■ Input data:
%%

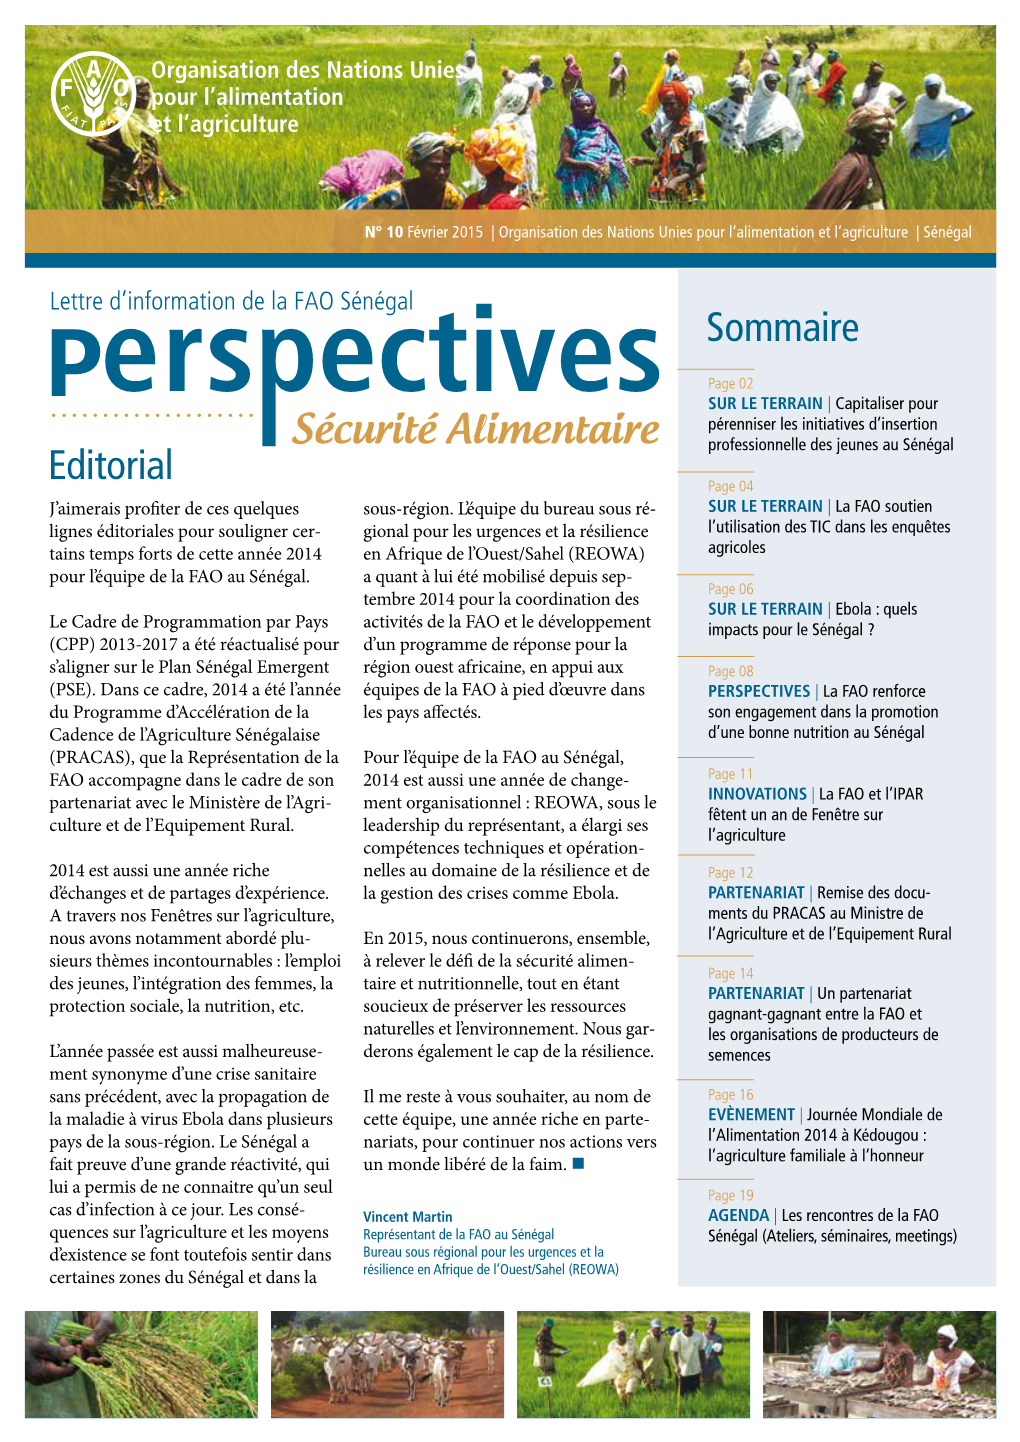 Newsletter De La Représentation De La FAO Au Sénégal. N° 10 Février 2015
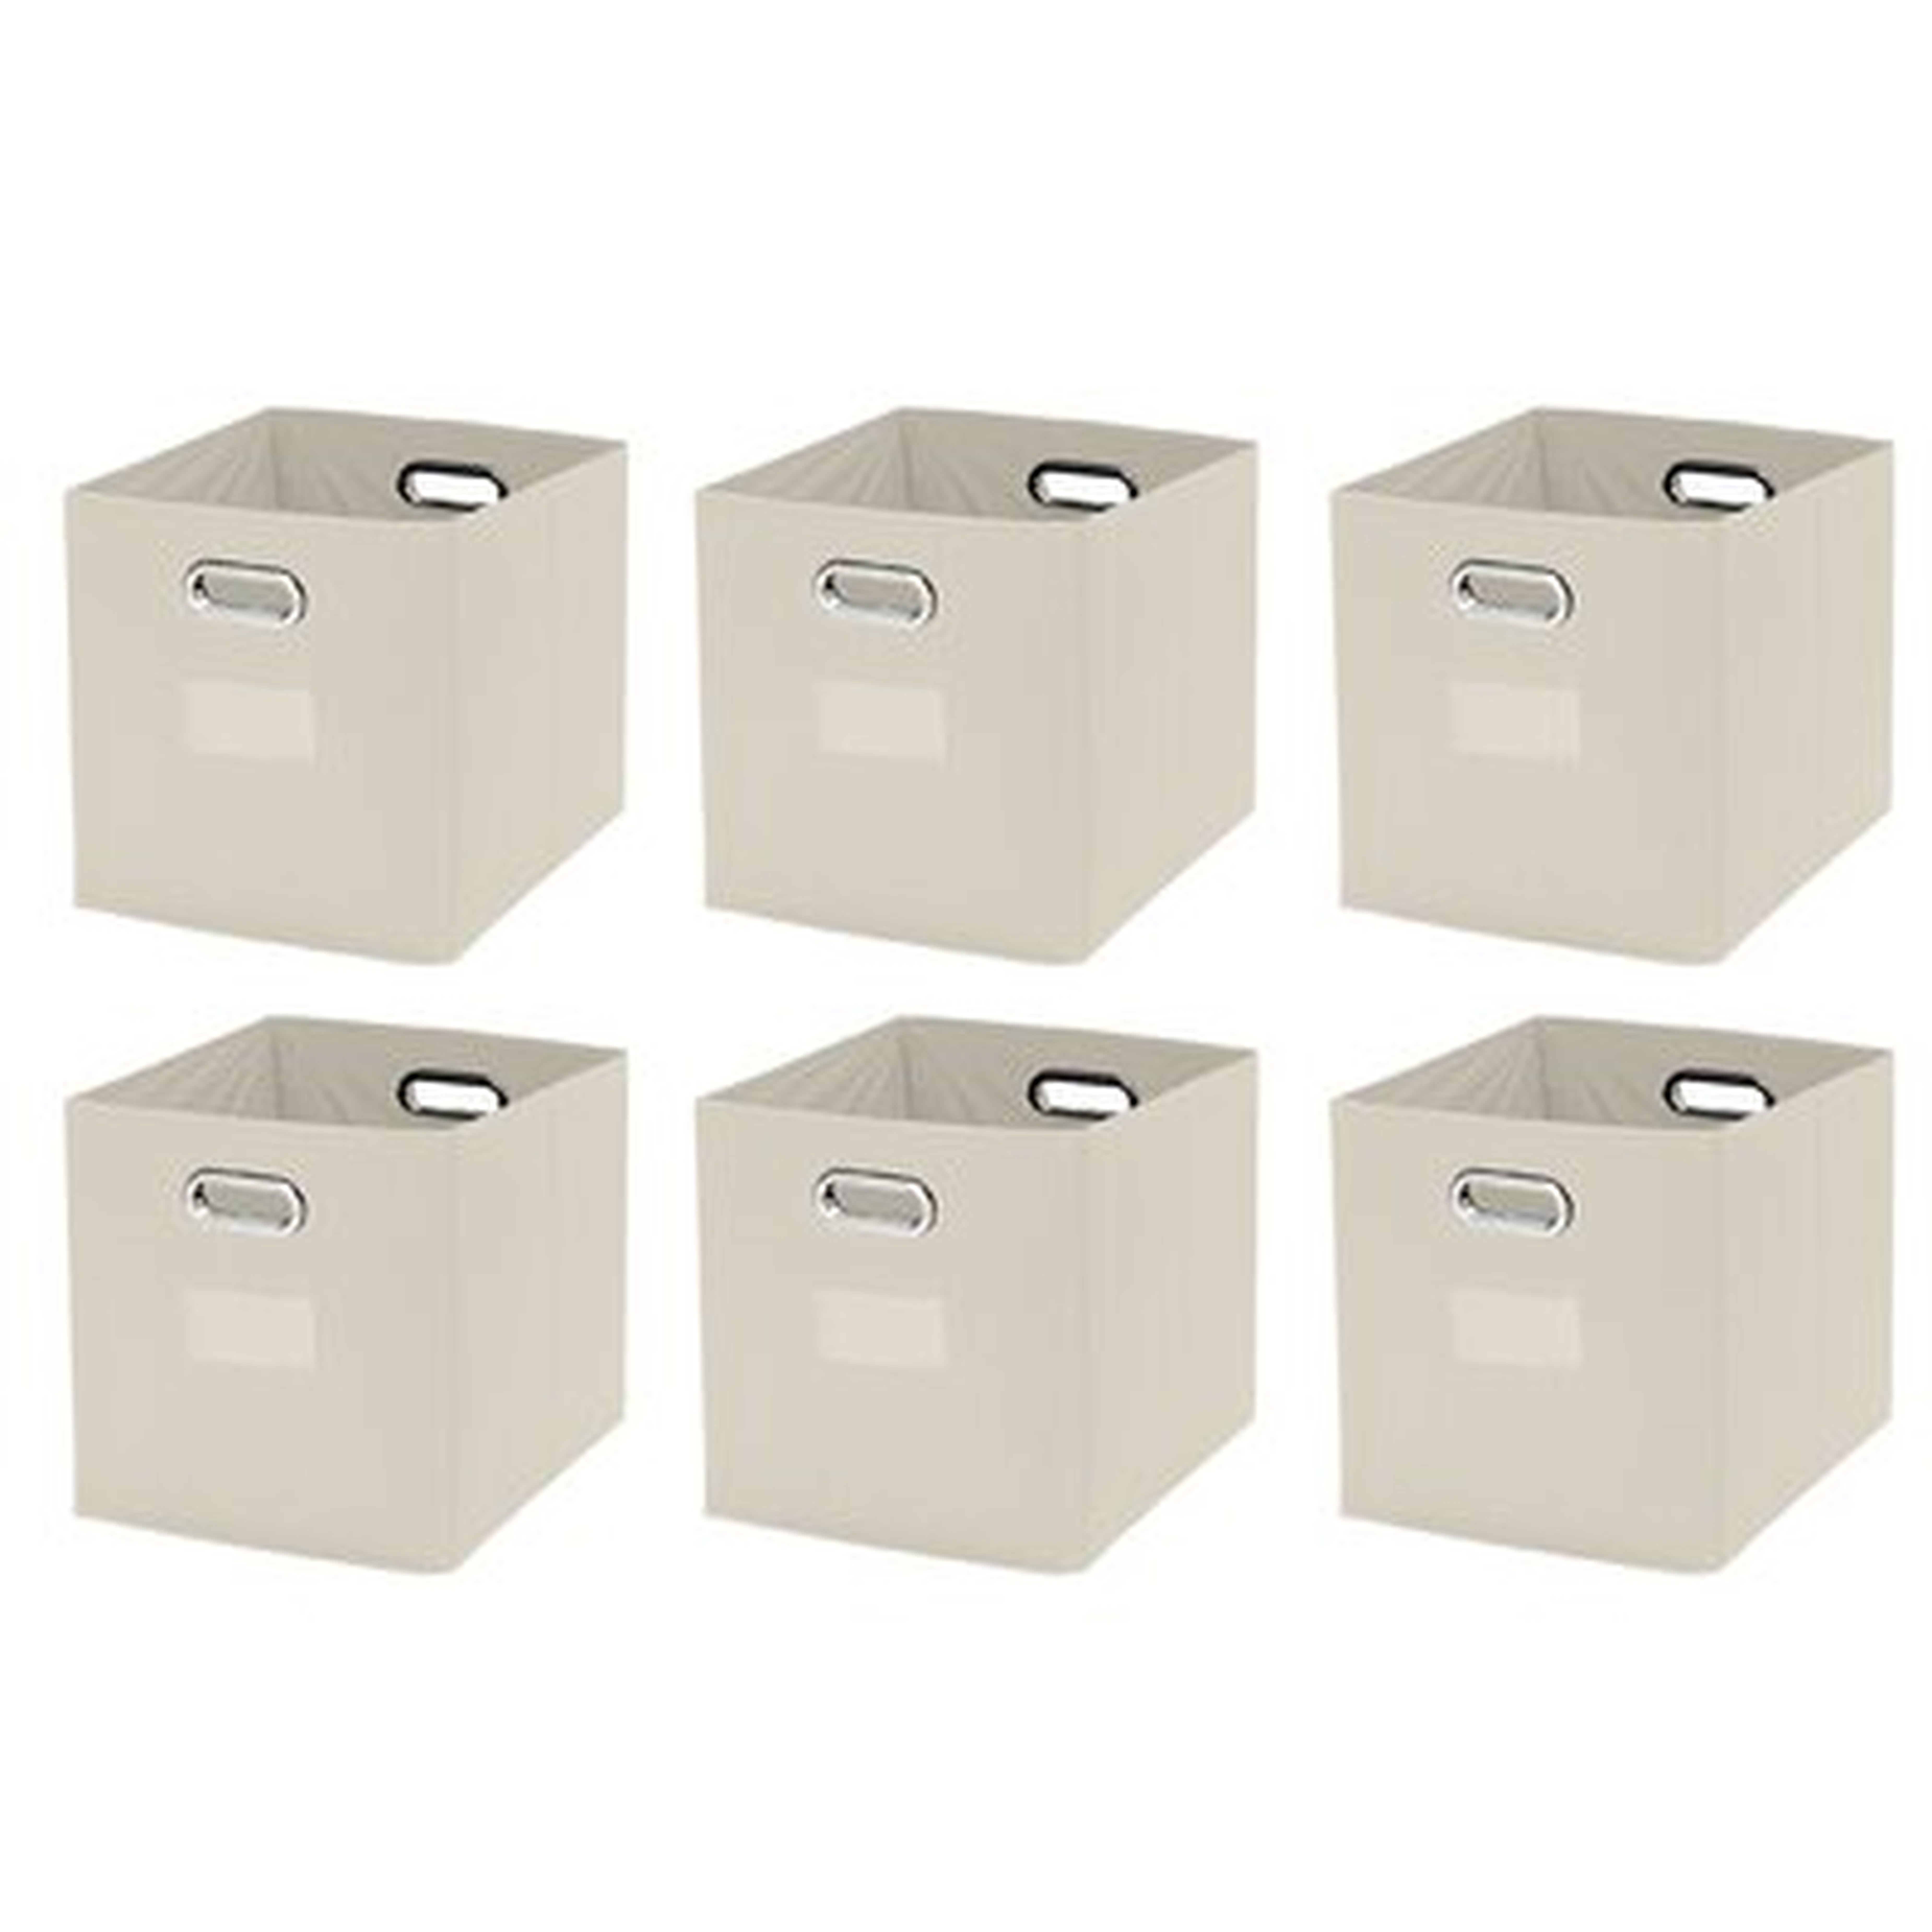 Foldable Storage Cardboard Bin - Wayfair
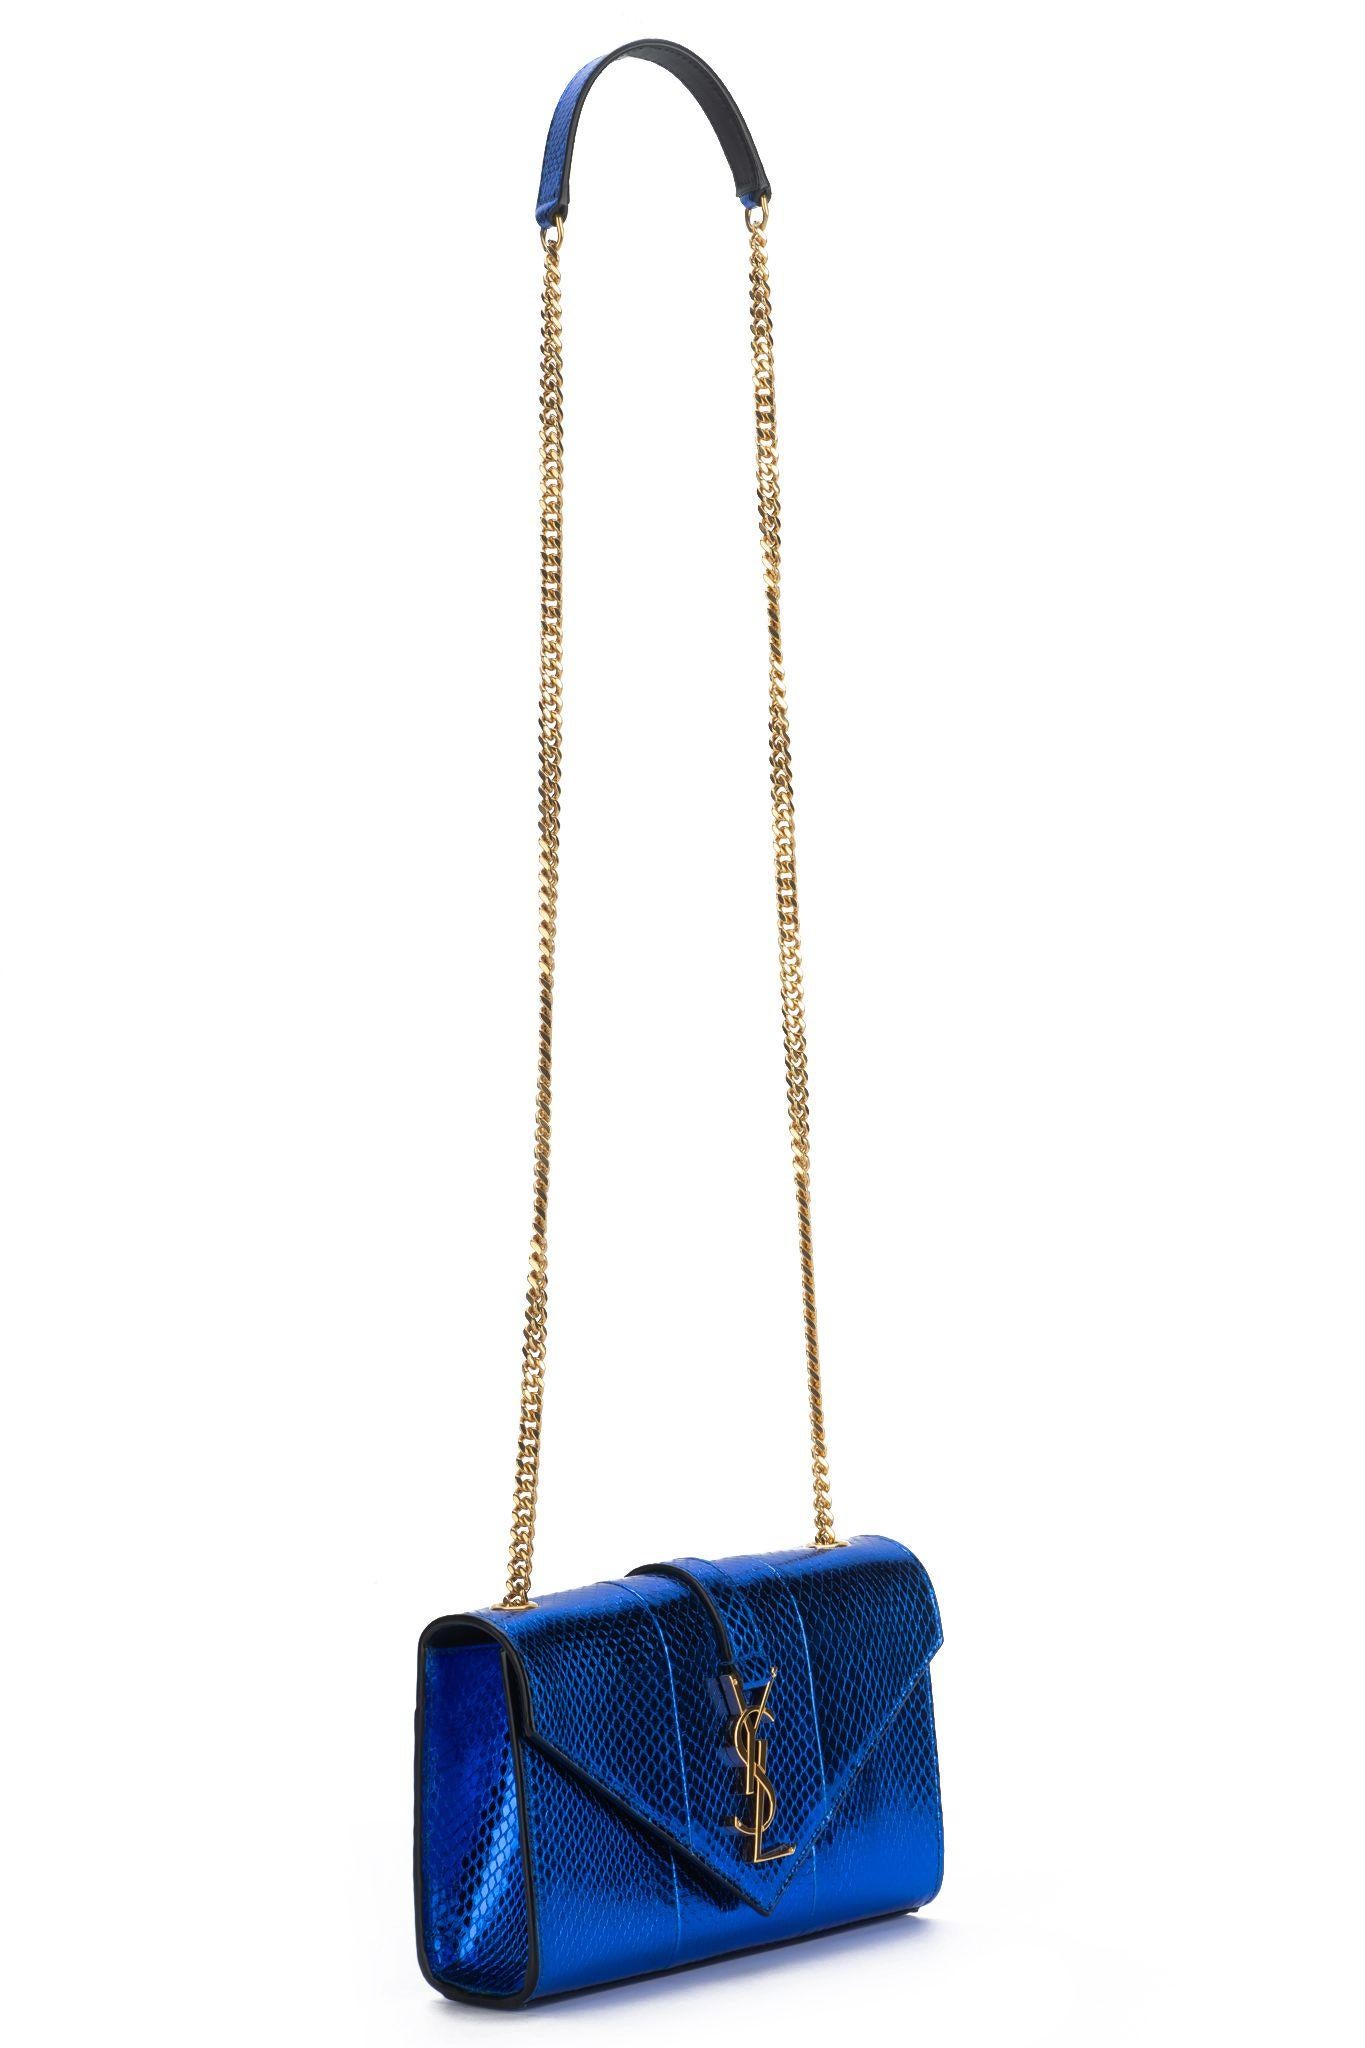 Yves Saint Laurent brandneue elektrisch blaue Python sollte Tasche mit Gold Hardware. Kann quer zum Körper getragen werden. Schulterhöhe 22

%%

■ What is expected: Please restate all of the listing above word for word, with no pictures.

■ Your response:
 Newsletter De La Représentation De La FAO Au Sénégal. N° 10 Février 2015
 Foldable Storage Cardboard Bin - Wayfair
 Yves Saint Laurent brandneue elektrisch blaue Python sollte Tasche mit Gold Hardware. Kann quer zum Körper getragen werden. Schulterhöhe 22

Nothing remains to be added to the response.